Em São Paulo, as abstenções somaram 29,3%, ante 21,8% em 2016. Em Belo Horizonte, foi de 28,3% de abstenções. No Rio de Janeiro, somente as ausências foram de 32,8%, dado recorde, assim como Porto Alegre, que registrou o maior patamar, de 33%.

“Eleições municipais já empolgam pouco, ainda mais em um contexto que envolve pandemia, crise econômica e campanhas feitas de maneira quase totalmente digital”, diz Eduardo Grin, cientista político e professor da Fundação Getúlio Vargas (FGV-Eaesp). “Ficou muito mais difícil atrair o interesse da população e isso é refletido em um aumento de abstenções, reforçando uma tendência de desinteresse que já vinha crescendo nos últimos pleitos”, afirma.

Candidatos e especialistas em política acompanham de perto esses números, que podem ter alterado o jogo eleitoral. A soma de ausentes na votação, votos em branco e votos nulos representam a chamada alienação do voto, ou seja, o percentual do eleitorado que não é efetivo e assim não contribui na definição dos candidatos vencedores.

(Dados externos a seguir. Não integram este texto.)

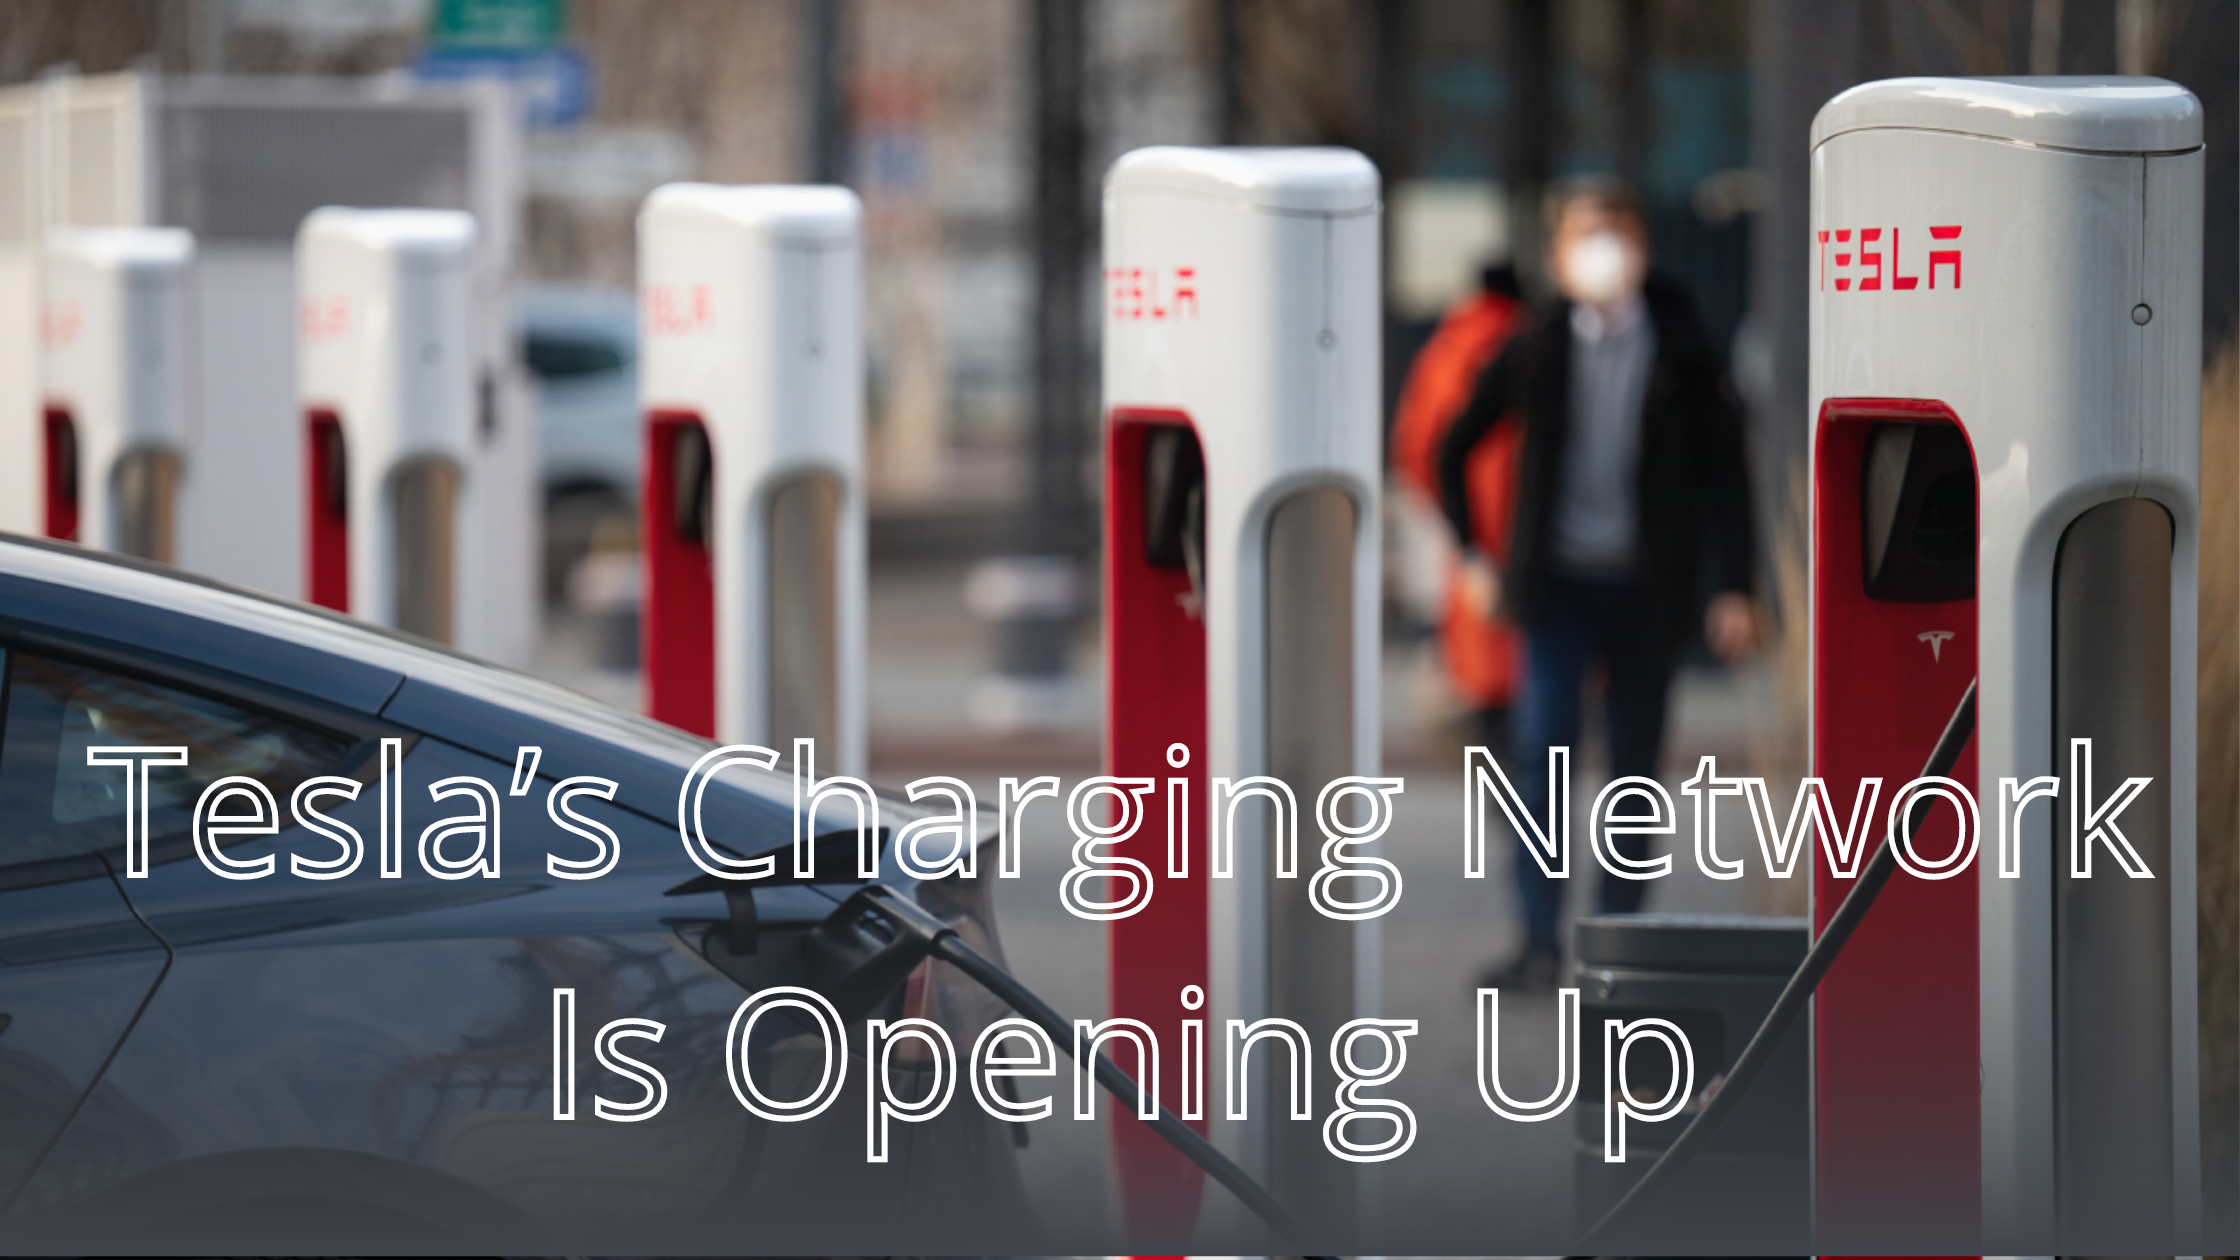 Tesla’s Charging Network Is Opening Up

Para Grin, a escolha este ano de um candidato a prefeito ou vereador acaba perdendo peso diante da realidade enfrentada pelos brasileiros, que envolve perda de renda, alto índice de desemprego e a morte de pessoas próximas por covid-19.

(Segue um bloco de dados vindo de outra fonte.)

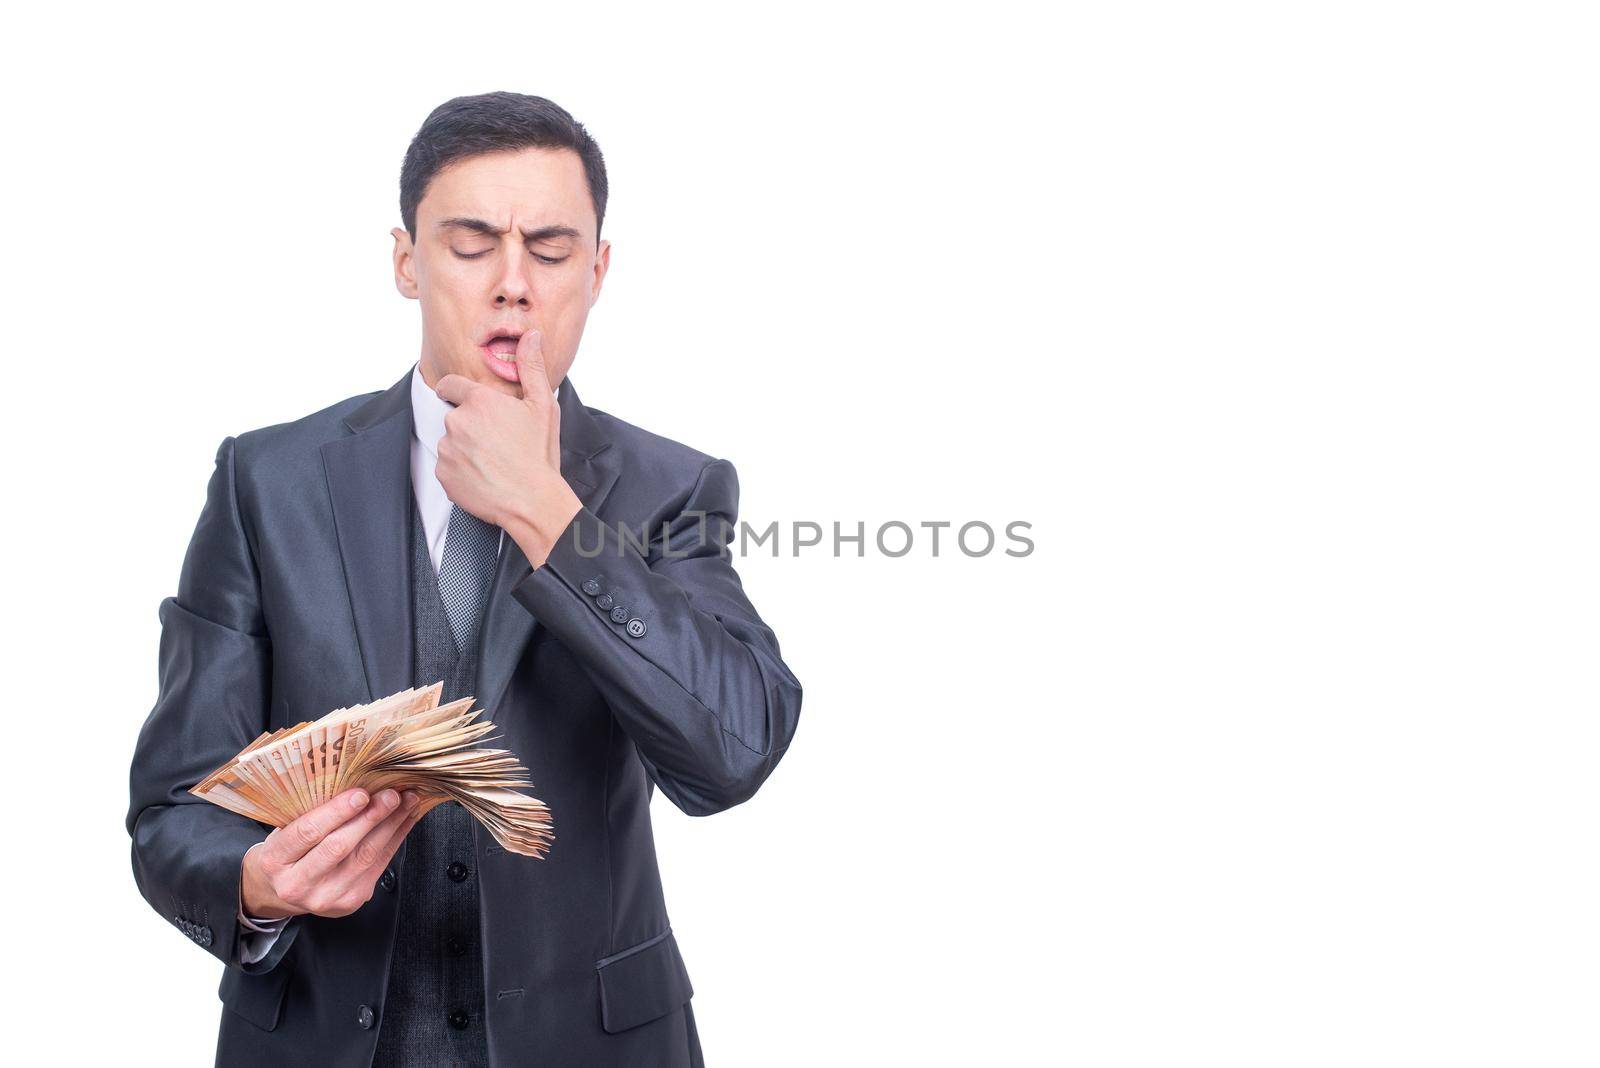 Successful millionaire male entrepreneur in elegant suit counting bunch of money while standing isolated on white background in light studio

Na avaliação de Carlos Melo, cientista político e professor do Insper, o resultado de abstenções poderia ser ainda pior. O número não é muito dissonante, por exemplo, do segundo turno de 2016, quando as abstenções representaram 21,55%.

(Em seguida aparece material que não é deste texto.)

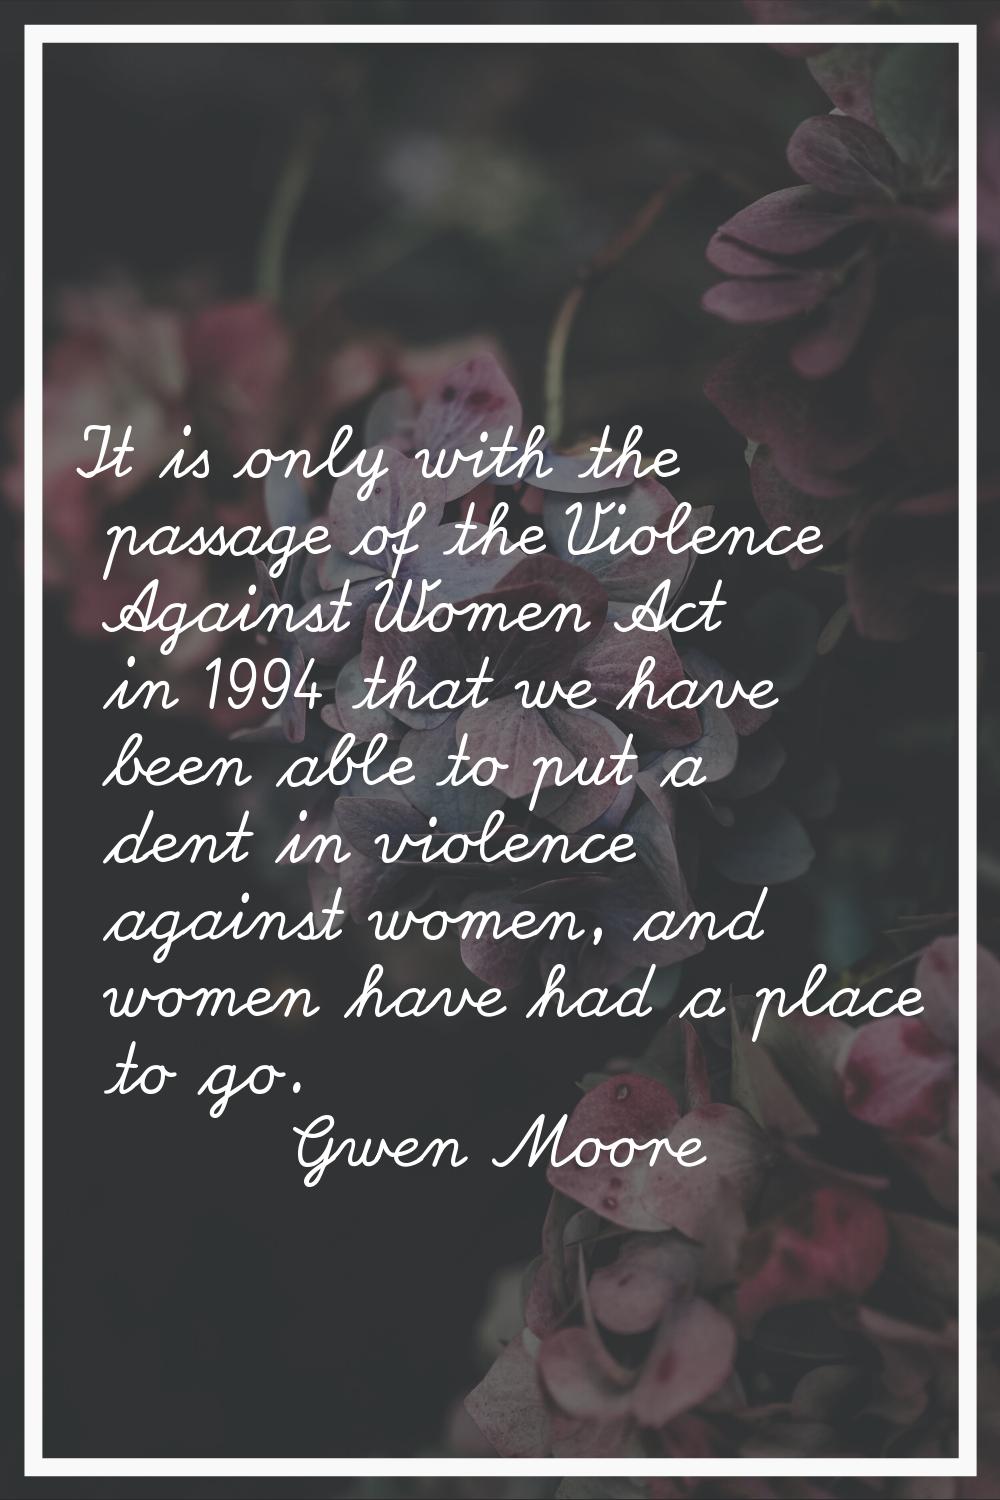 It is only with the passage of the Violence Against Women Act in 1994 that we have been able to put

Para Melo, essa eleição é marcada pela “desilusão com a desilusão”, em um movimento que teve início com a eleição de candidatos vindo de fora do sistema político tradicional (os chamados outsiders) em 2018, como um voto de protesto, que agora é direcionado para um ponto de maior equilíbrio.

“O maior exemplo disso talvez seja o Wilson Witzel [eleito governador do Rio de Janeiro em 2018 e que passa por processo de impeachment], que mostrou ser mais do mesmo”, diz Melo. Assim, ele compara o movimento atual como o de um pêndulo: nos últimos anos, eleitores foram de um extremo ao outro do espectro político, mas agora buscam outra vez a política tradicional quando comparecem às urnas.

Neste ano, eleitores com sintomas de covid-19 foram orientados a não comparecer nos locais de votação. Para tentar reduzir a ausência em eleitores no grupo de risco por faixa etária, pessoas com mais 60 anos tiveram preferência no turno da manhã. Eleitores relataram ao longo do dia problema para utilizar o aplicativo e-Título, usado para substituir o título na votação e também para justificar o voto de quem não irá comparecer às urnas. O Tribunal Superior Eleitoral informou que se trata de instabilidade no aplicativo. O ministro Luís Roberto Barroso afirmou em entrevista coletiva que todas as pessoas que baixaram o e-Título e o usaram para votar não tiveram problema, mas que a instabilidade se deu pela quantidade de acessos para informação de local de votação e para justificativas de ausência.

De acordo com Barroso, 13 milhões de pessoas baixaram o aplicativo. De ontem para hoje, foram 3 milhões de downloads. Sobre a possibilidade de que a pandemia aumentaria o número de abstenções, ele se limitou a dizer que “não dá para fechar os olhos para a realidade”, concordando que isso pode ocorrer.

Para Murilo Gaspardo, coordenador e professor na Faculdade de Ciências Humanas e Sociais da Universidade Estadual Paulista (Unesp), é importante analisar abstenções ou votos em branco e nulos em cada município.

“É necessário fazer um recorte local. Para entender as ausências, é mais importante olhar o contexto dos municípios, como a pandemia foi sentida neles e aí sim fazer a leitura brancos, nulos e abstenções”, comenta.

Essa é a maior eleição municipal já realizada no país. Conforme o TSE, 147,9 milhões de eleitores estavam aptos a participar da votação em 5.567 municípios. São 556.033 candidatos - desses, 518.326 disputam o cargo de vereador, 19.346 de prefeito e 19.721 de vice-prefeito.